その時にはスティーブの存在を全否定されたようで、つらくて仕方なかった。しばらくはここに来ることができなかったが、先日久しぶりにきてみたのだ。この庭に。そして屋敷に戻ろうとしたとき見つけた。あの小さな花が一輪だけ咲いているのを。
「ねえマーク。このお花がスティーブがいたことの証明よ。このお花スティーブが植えたのよ」
大きな葉の陰になっていた小さな花を指さした。花は小さくてしかも一輪だけのため、そばに来てよく見ないと見えない。
やはりマークのいる位置では見えなかったらしく、マークがキャスリンがいる位置まで移動してきた。マークが花を見ようと花壇の後ろの方を覗き込んだ。
「この花は!」
マークが驚いた顔をして叫んだ。
「どうしたの?」
「この花は、私がいた国アシュイラ皇国によく咲いていた花アシュイラという花です。国名にもなった由来の花であり王家の紋章にもなっておりました。よくこんなものが...」
キャスリンに話しながらマークの目はうるんでいた。
「そうだったの」
キャスリンが花を見ていると、マークが胸元からペンダントを取り出した。普段は洋服に隠れているらしいそれは、ロケットペンダントの様だった。マークはそのペンダントを首から外してキャスリンに見せた。

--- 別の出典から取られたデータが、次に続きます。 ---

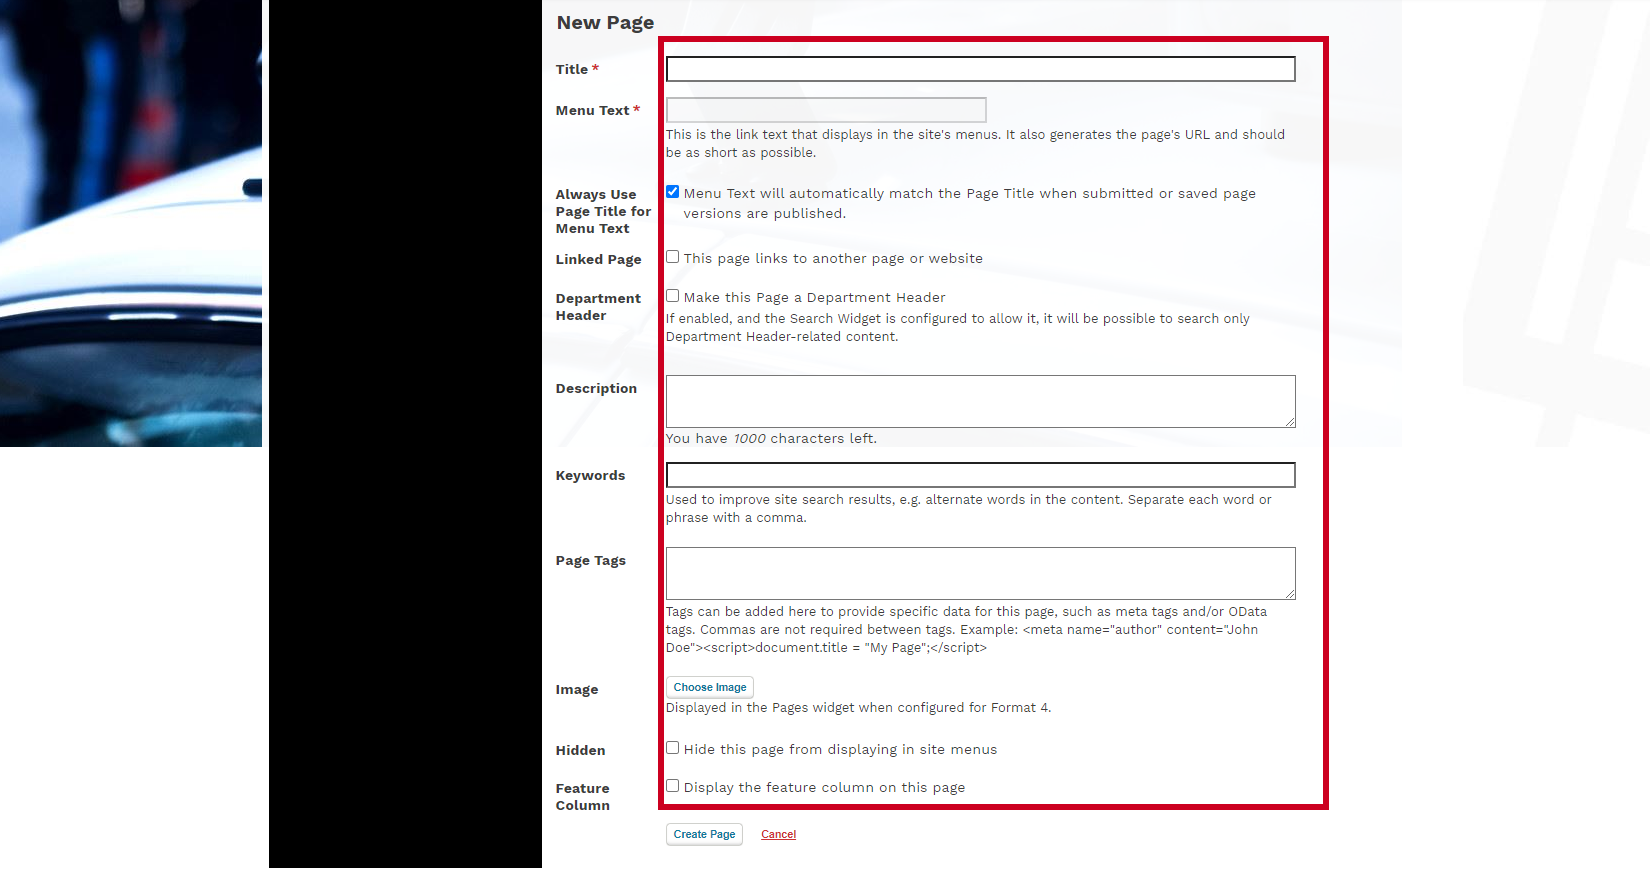 Web Central Create/Add Page Dialog Box and fields.

そして手の上でロケットペンダントを開けた。そこにはマークの妻であるクロエの笑った顔があった。マークはそのペンダントをもう一回開いた。そこにはクロエの顔ではなく男性と女性の顔があった。
どうやらペンダントは二重構造になっているらしく、もう一つ隠せるようになっていた。
「これは?」
「この方々は、アシュイラ皇国の王と王妃です。スティーブ王子のご両親になります」
キャスリンはそのペンダントを受け取って、食い入るように見た。
「似ているわ、スティーブに」
そういったキャスリンの顔は涙でぬれていた。
「そうですか。どこがですか」
そう尋ねるマークの目も涙でにじんでいる。
「スティーブの目は王妃様に似たのね。今の空のようなきれいな澄み切ったブルーの目をしていたわ。髪は王様に似たのね。深い夜のように黒かったわ」
「私にはスティーブ王子の記憶がありません。でもお嬢様に聞けて今日はとてもうれしい気分です」
そういいながらマークの目からも涙があふれ始めた。
「あなたはアシュイラというのね」
キャスリンは自分をいつも励ましてくれたその花に、今までのお礼を兼ねてそっと触れながらその名前をつぶやいた。
その時だ。小さなアシュイラの花が、真っ白い光に包まれた。